Take some time over the next few months with this painting. Sit in front of it and allow its size and depth of colour to draw you in. The artist said to me that his best paintings are those where he himself is able to relinquish control. The canvas becomes simply a space where what will be revealed is revealed. I can’t think, therefore, of a better aid to prayer – not an idol seeking to restrict our understanding of God, but an icon that creates a space for us to relinquish control, to attend to what lies beyond the image and to allow what will be revealed in us to be revealed.

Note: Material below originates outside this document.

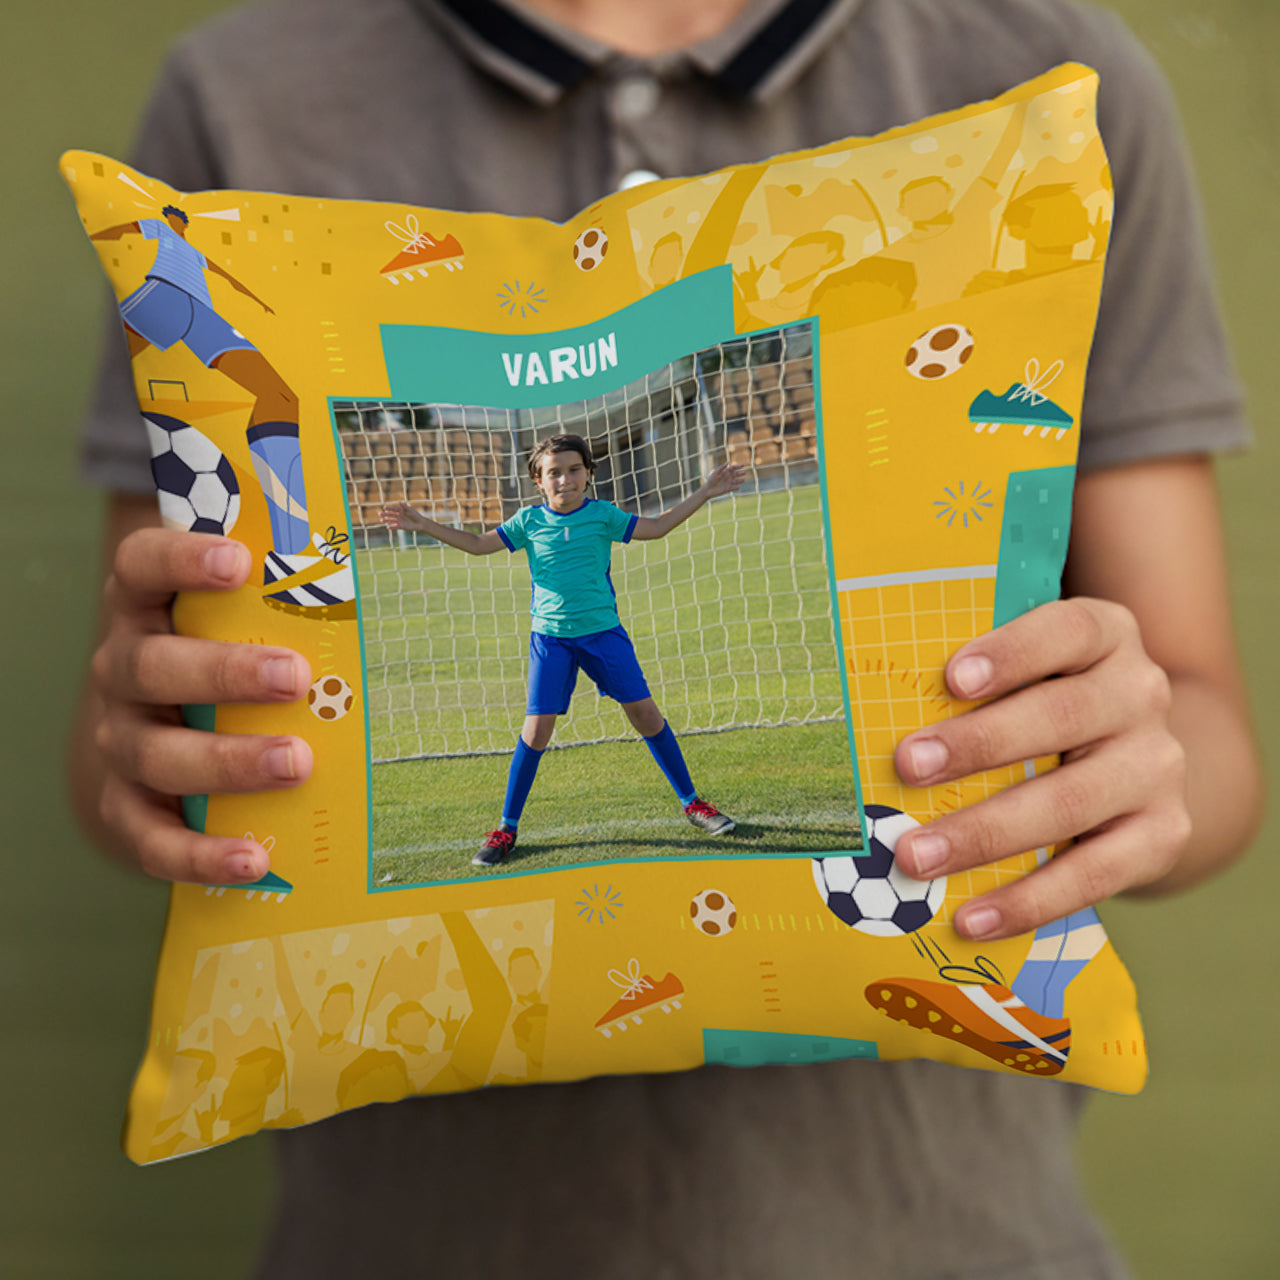 Personalised Photo Cushions - Football Goals, Boy

No doubt some of us will share my father’s assessment of abstract art: “I don’t get it. It’s just not my thing.” And I am sure there are also some of us here who still feel that way about faith in Christ and view church primarily as a social event, simply a locus of yet more human activity. But Jesus says to you as he says to Martha: “you are missing the better part”. Come and sit with the one in whom the fullness of God was pleased to dwell. Look beyond the surface of the image and be transformed by the power of the invisible God.